-- What this task involves --
With the pictures set aside, write out all of the data exactly as it stands.

-- Provided data --
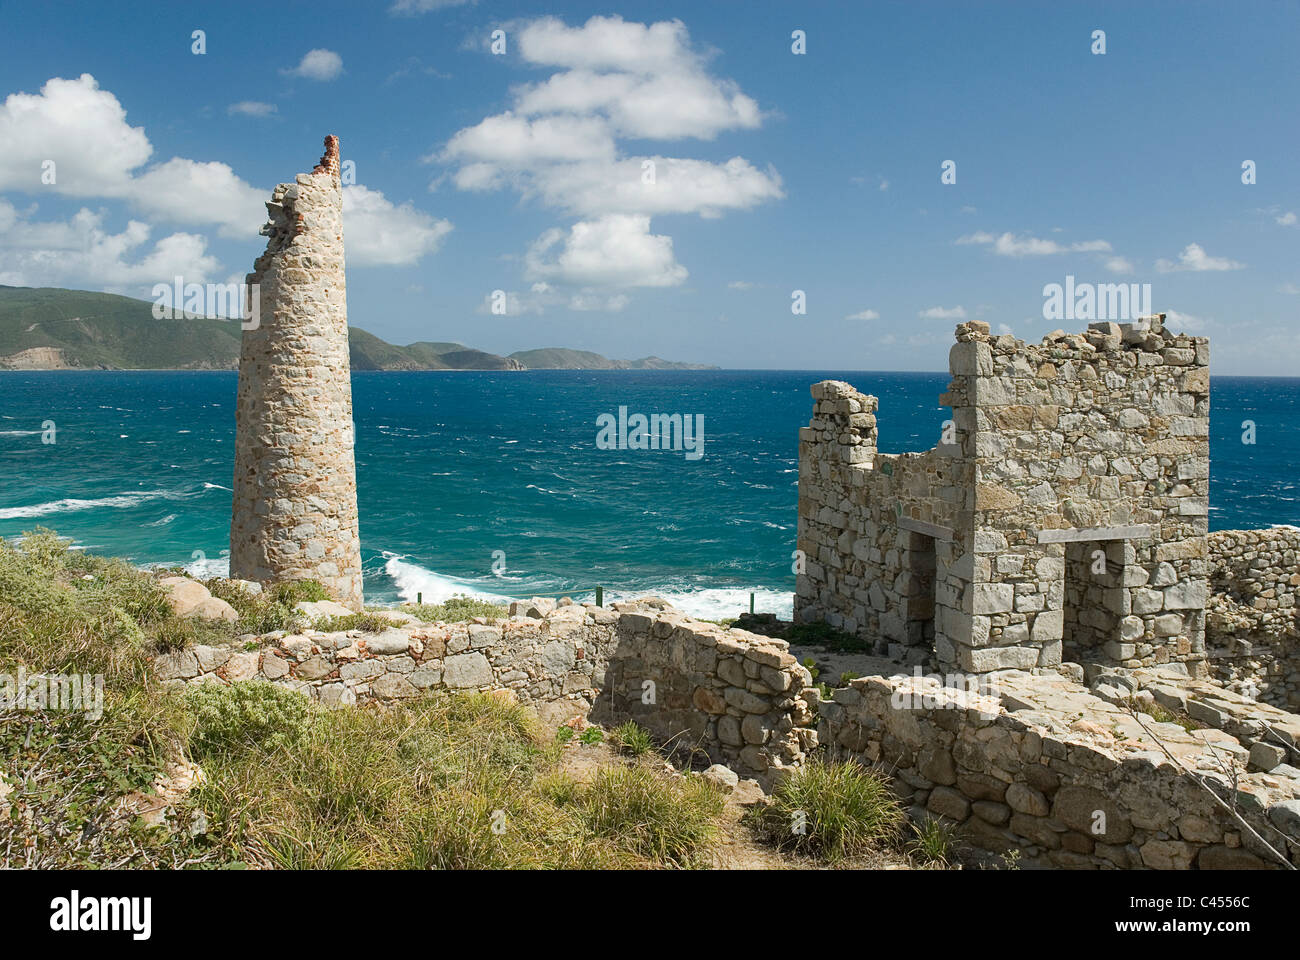 Caribe, Islas de Sotavento, las Islas Vírgenes Británicas - Virgin Gorda, antigua mina de cobre, la vista de la vieja ruina al lado del mar Foto de stock
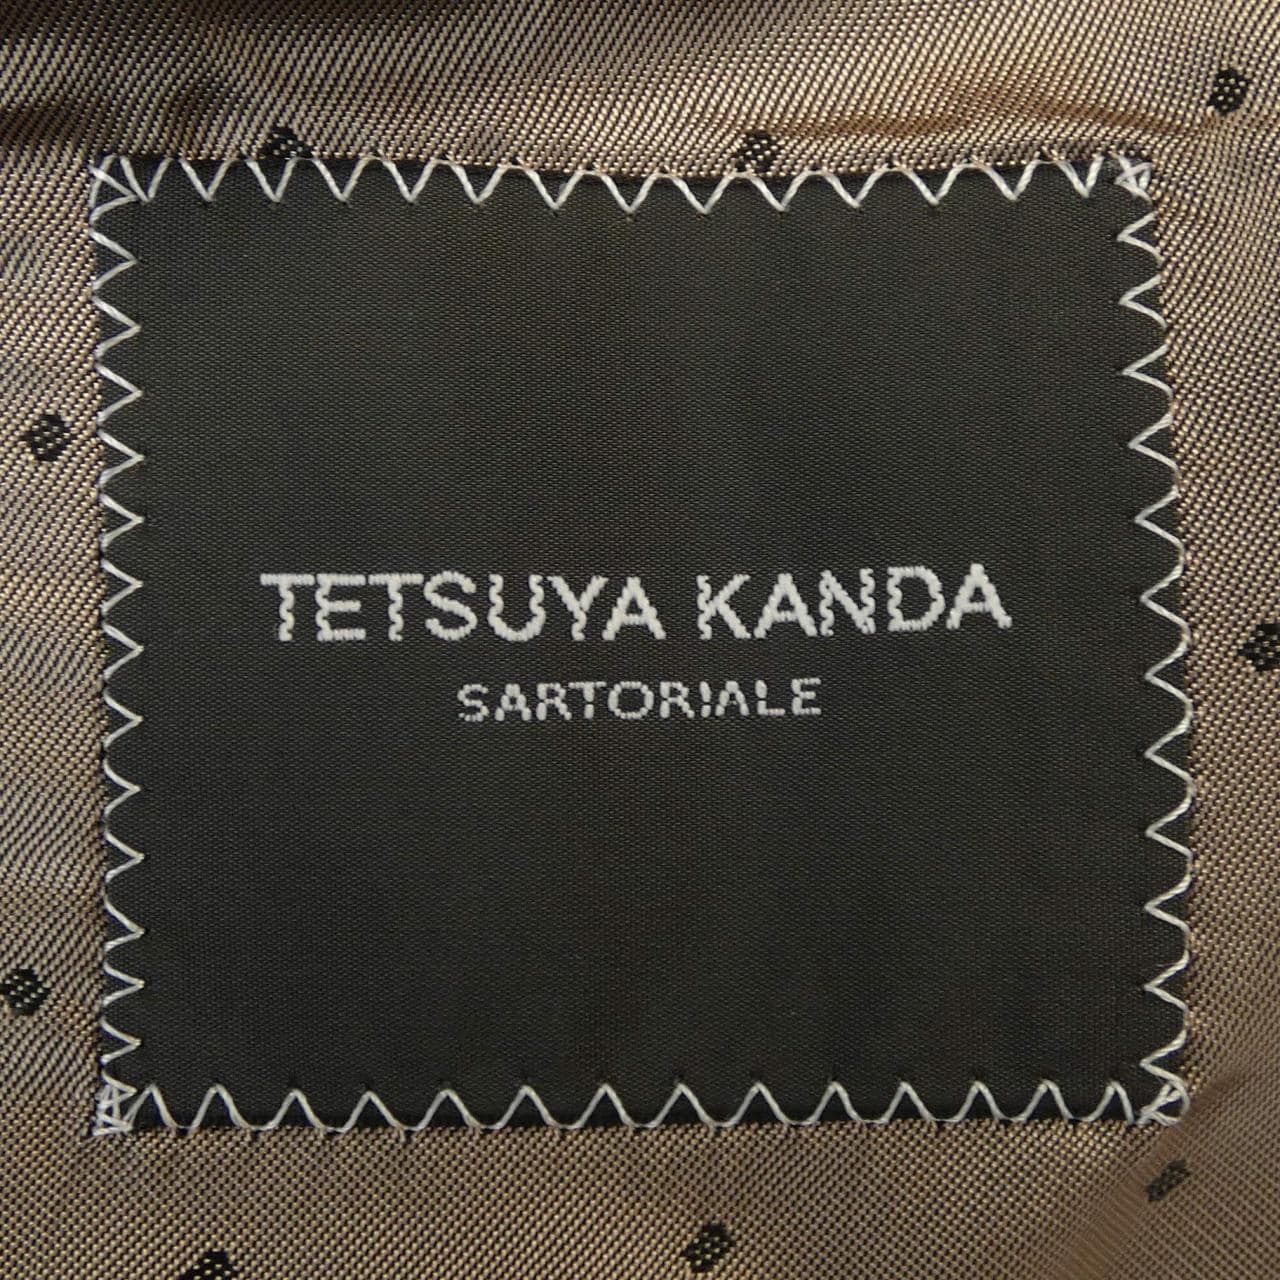 TETSUYA KANDA ジャケット
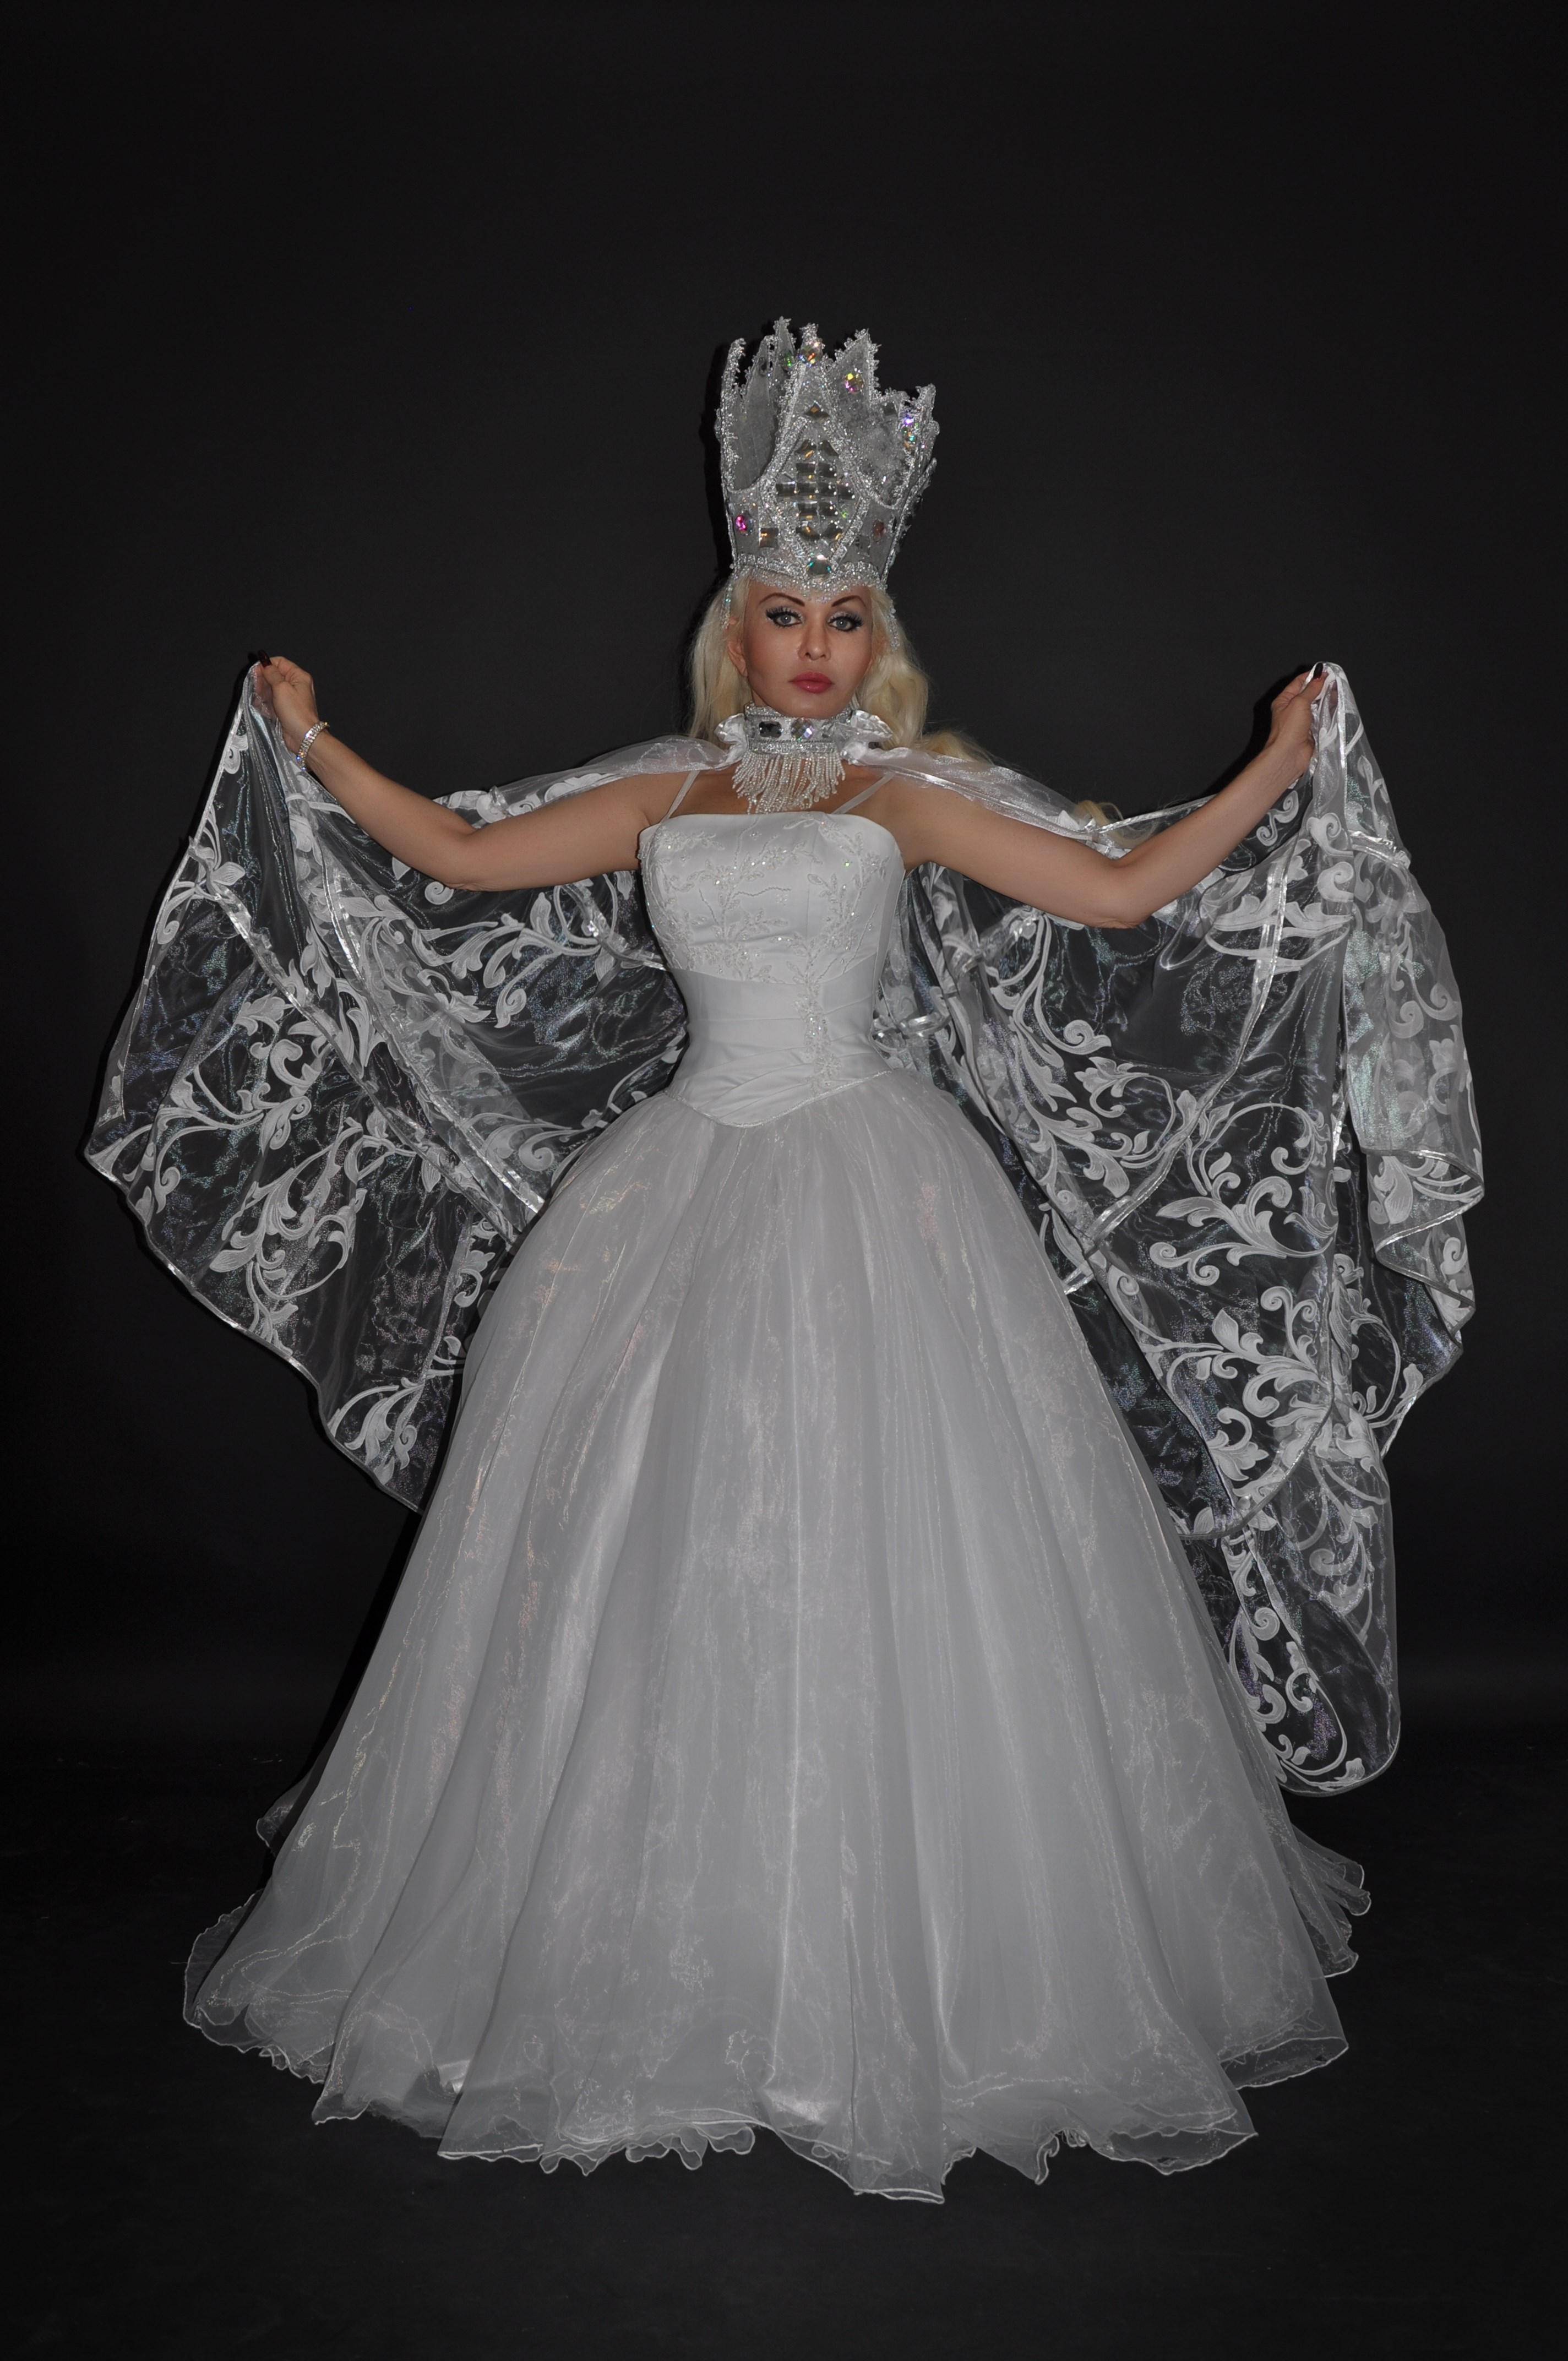 Коломбина костюм снежной королевы
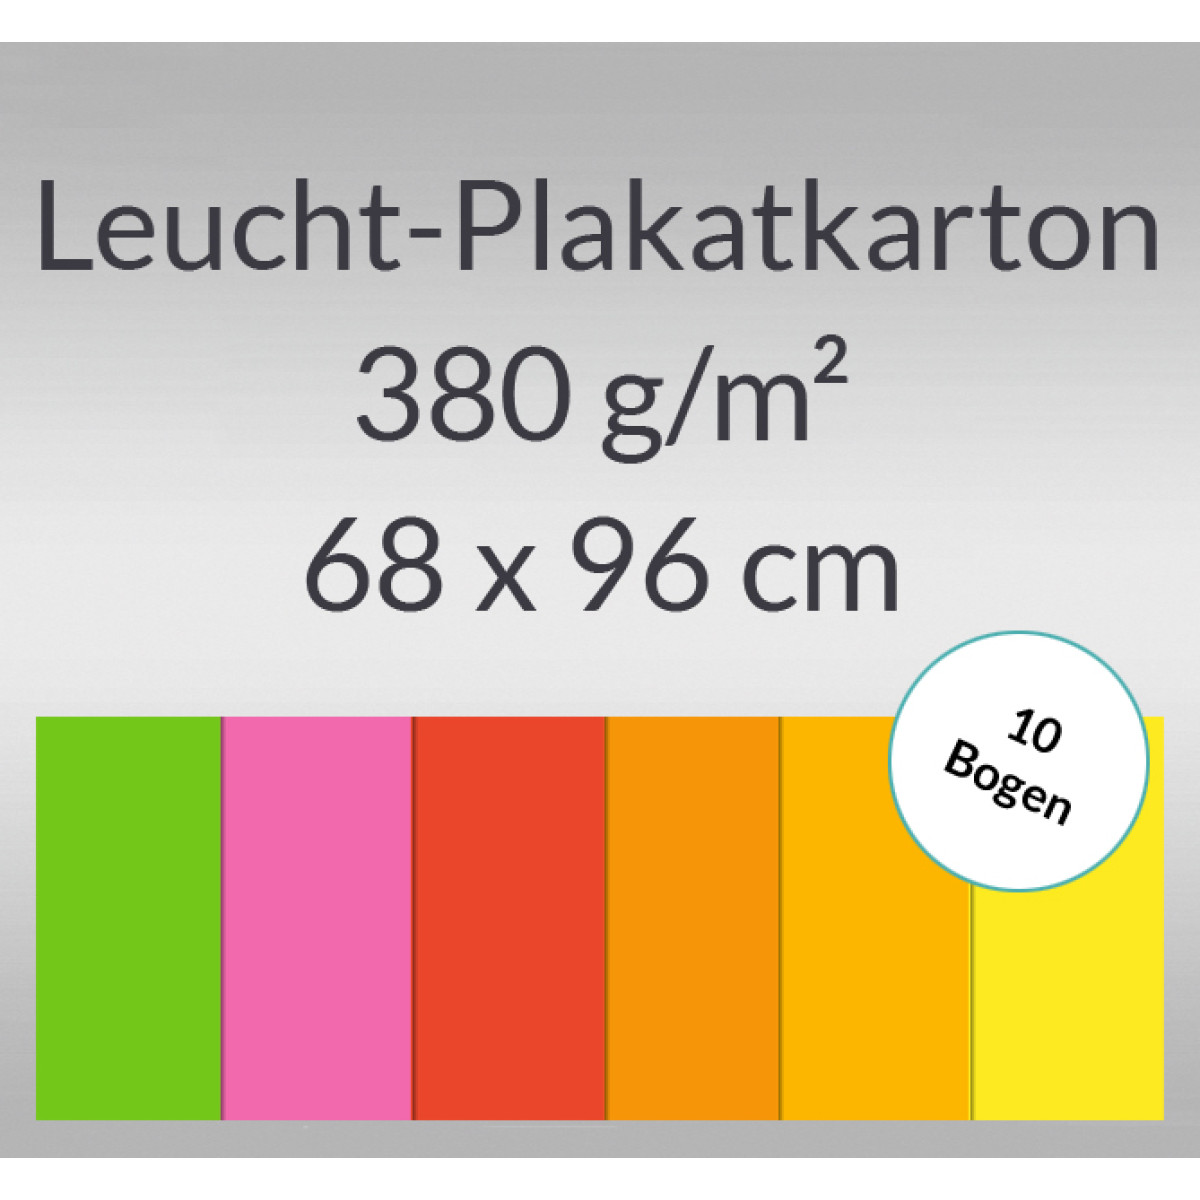 Leucht-Plakatkarton 380 g/qm 68 x 96 cm - 10 Bogen

-- Worked solution --
 Caribe, Islas de Sotavento, las Islas Vírgenes Británicas - Virgin Gorda, antigua mina de cobre, la vista de la vieja ruina al lado del mar Foto de stock
 TETSUYA KANDA ジャケット
 Коломбина костюм снежной королевы
 Leucht-Plakatkarton 380 g/qm 68 x 96 cm - 10 Bogen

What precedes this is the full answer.